What can we do to ge him using his litter tray agian (nothing has chnged with his littler tray).


----------



## Dally Banjo (Oct 22, 2009)

If he has'nt been neuterd he may just be marking his territory.


----------



## buffie (May 31, 2010)

Beat me to it DB


----------



## Dally Banjo (Oct 22, 2009)

buffie said:


> Beat me to it DB


Slow coach  :lol:


----------



## tornadoknight (Nov 25, 2012)

This is almost the same problem we are having. We just found that our 6 month old, male kitty peed & pooped in our closet. We are working on getting him dewormed. But otherwise he is in good shape.

We weren't sure if this was his way of showing us he is angry with us, he is sick, his kitty litter box was too dirty or maybe it has to do with his age and maybe needing to get neutered.

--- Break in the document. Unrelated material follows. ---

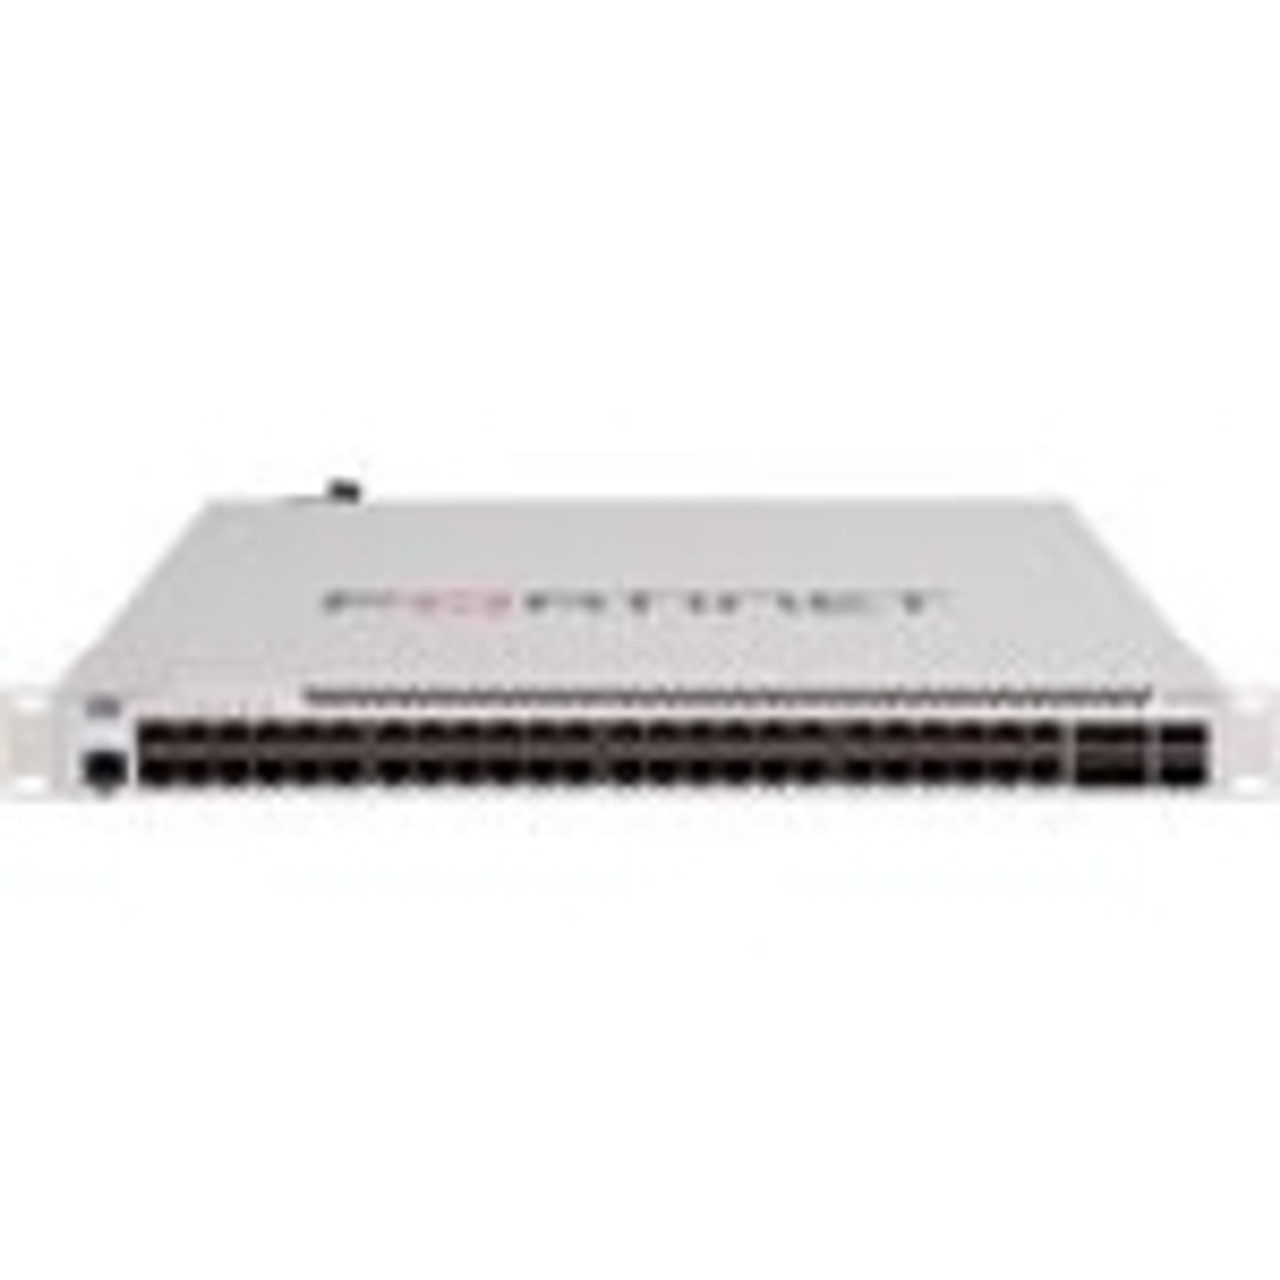 FS-548D-FPOE Fortinet FortiSwitch 548D-FPOE 48-Ports RJ-45 Gigabit Ethernet Layer 2 PoE+ Switch with 4x 10Gbps SFP+ Ports and 2x 40Gbps QSFP+ Ports (R

It's interesting to know that this happens with other kittens his age.

Thanks in advance, 
Matt


----------



## The Minkey (Feb 6, 2012)

Matt - it may be the litter tray he's got is placed in an area that gets too much traffic and as he's getting older, he feels the need to go somewhere 'safer' seeing as he's gone in a closet. If you haven't already got one, perhaps consider getting him a covered littered tray and site it somewhere quieter.


----------



## Talia (Nov 17, 2012)

Hi

Really interesting to read so many other people had/having this problem.

When my cat was that age he did the same. Pleased to say it was resolved with info below (from two behaviourist friends) 

-Get cat neutered
-Make sure he has a choice of litter trays/boxes with different litters (cats prefer fine grain type - NO paper/recycled materials etc). Note which one he uses most and duplicate this upstairs etc.
-Ensure litter tray is in quiet area away from feeding and sleeping spots and keep it clean 
-There should be at least 1 litter tray per cat on every floor
-Use feliway or other pheremone diffusers 
-Go back to basics, restrict him to one room 24 hours a day (or a pen with bed and tray if this doesn't work) for a few days until he is 100% reliable
-Gradually open up other rooms one by one but supervise him and any accidents immediately revert to basics as above

Takes time and patience I know, but it works with 99% of cats and the younger the better.

Good luck!


----------